## Data below
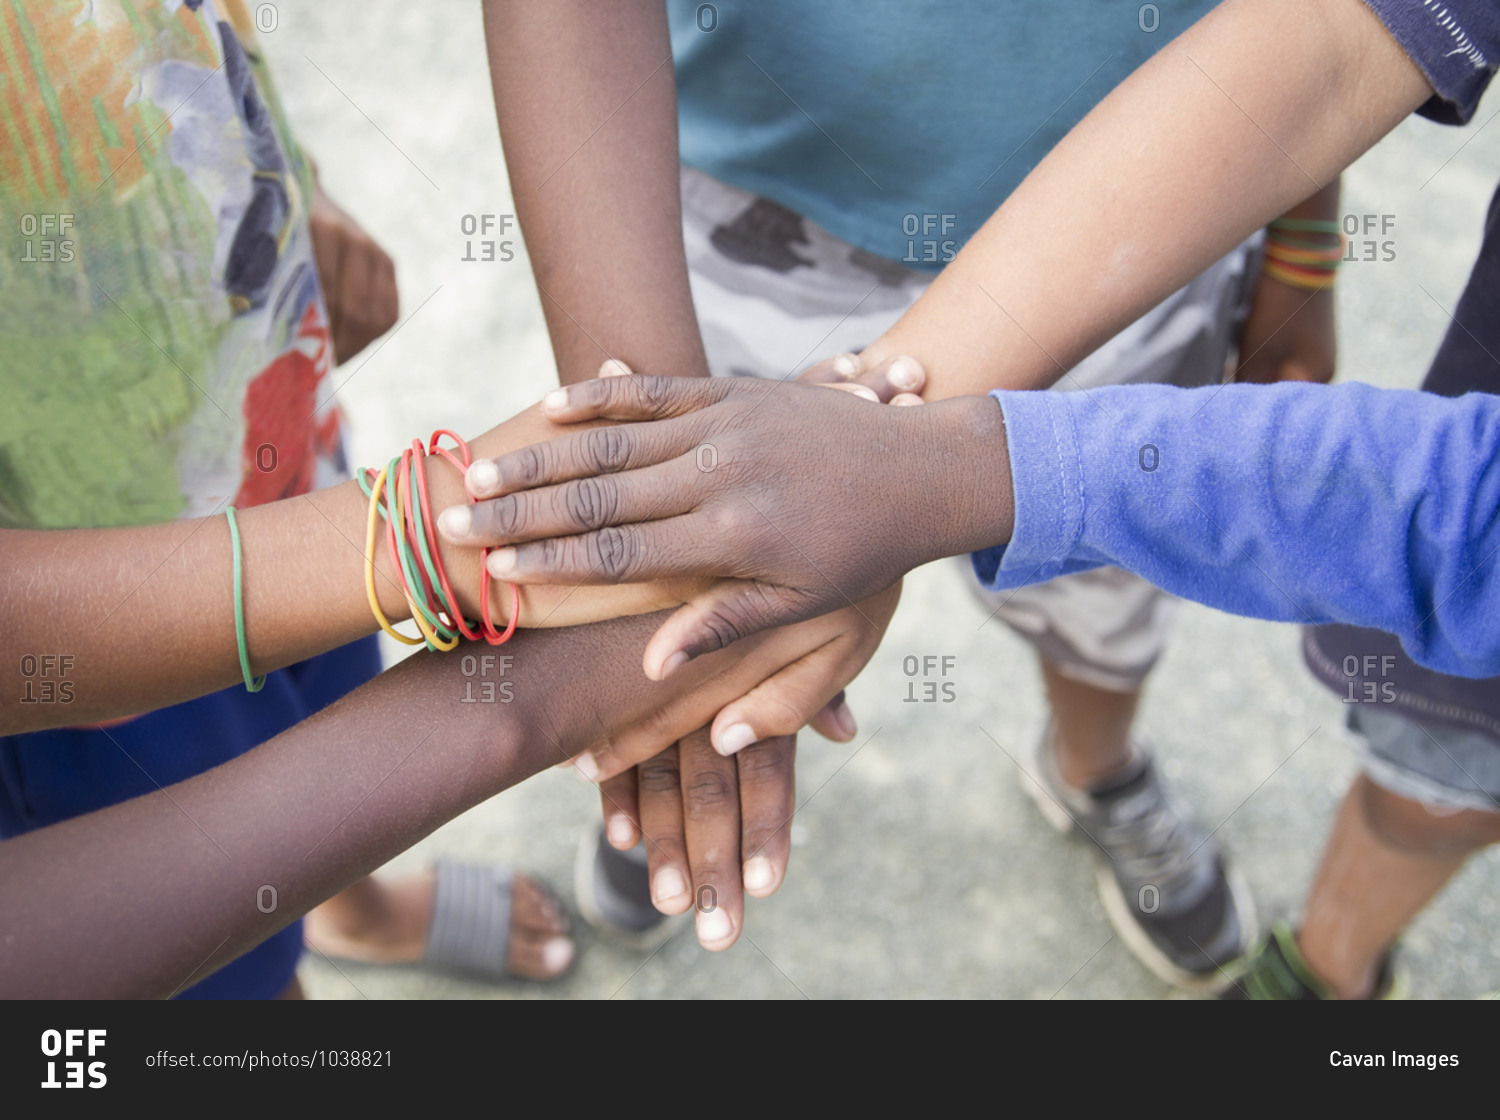 Anonymous group of children of various ethnicities putting their hands together
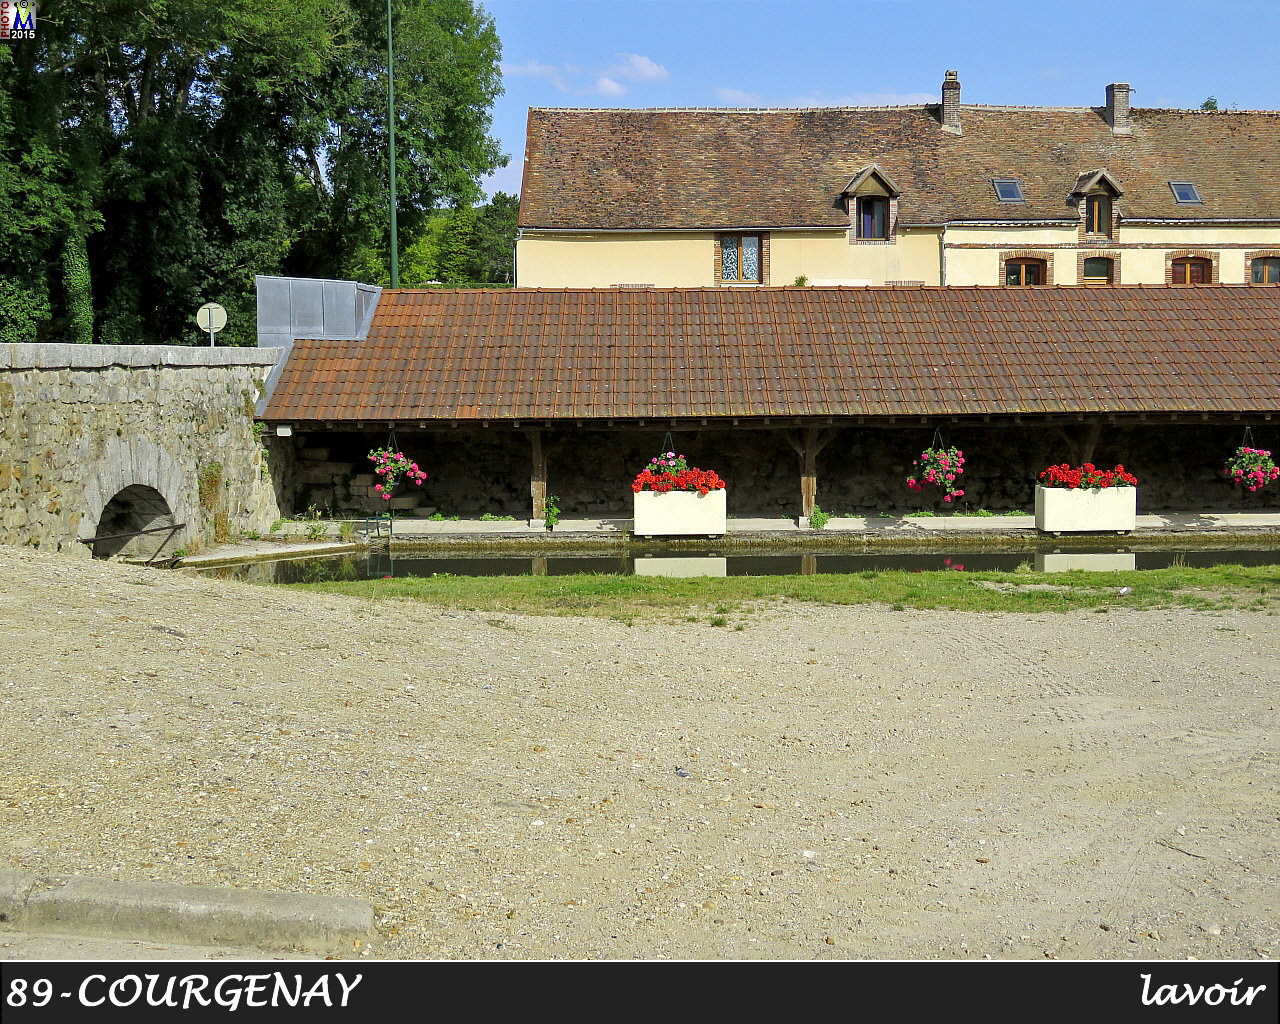 89COURGENAY_lavoir_100.jpg
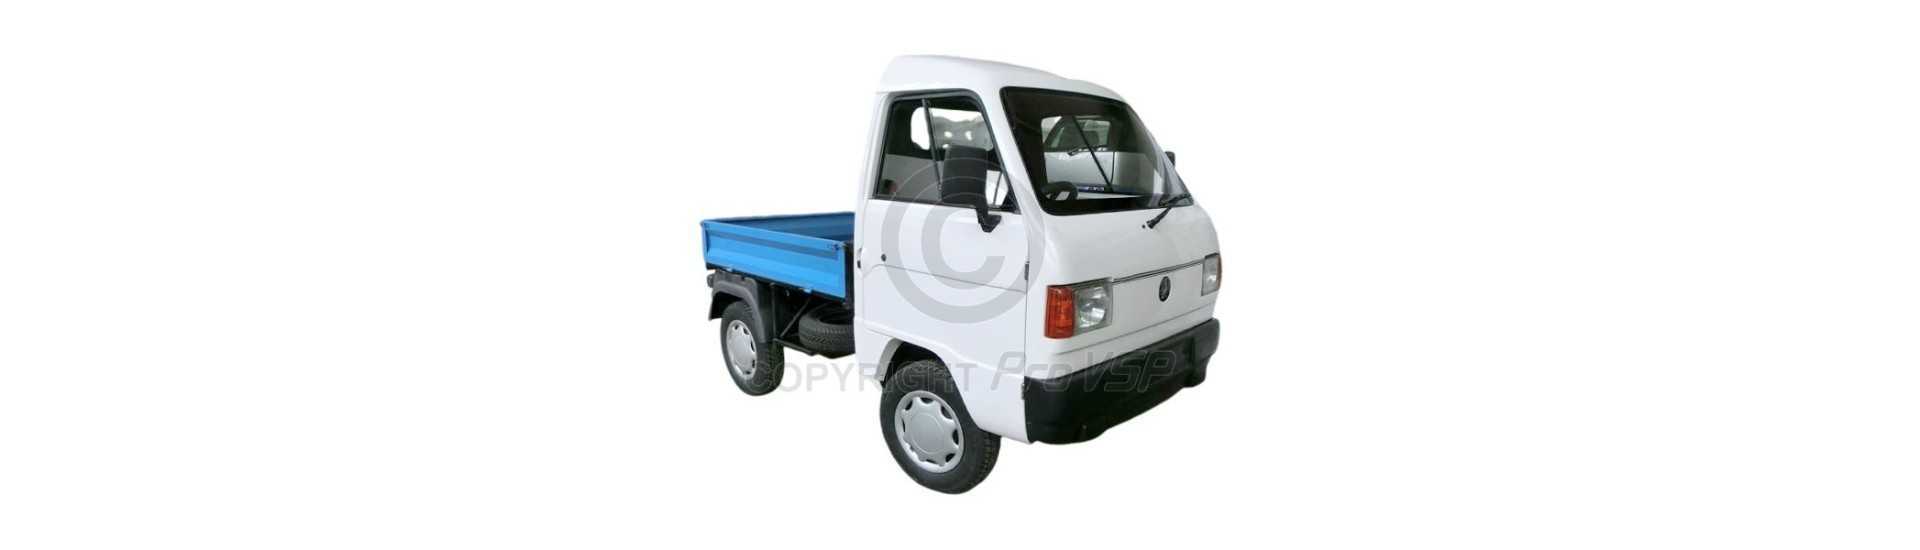 Bodywork at the best price without a permit Microcar Sherpa 1

## What is expected
Pictures included in the data should be dropped; everything else must be repeated exactly.

## Solved exercise
 Anonymous group of children of various ethnicities putting their hands together
 89COURGENAY_lavoir_100.jpg
 Bodywork at the best price without a permit Microcar Sherpa 1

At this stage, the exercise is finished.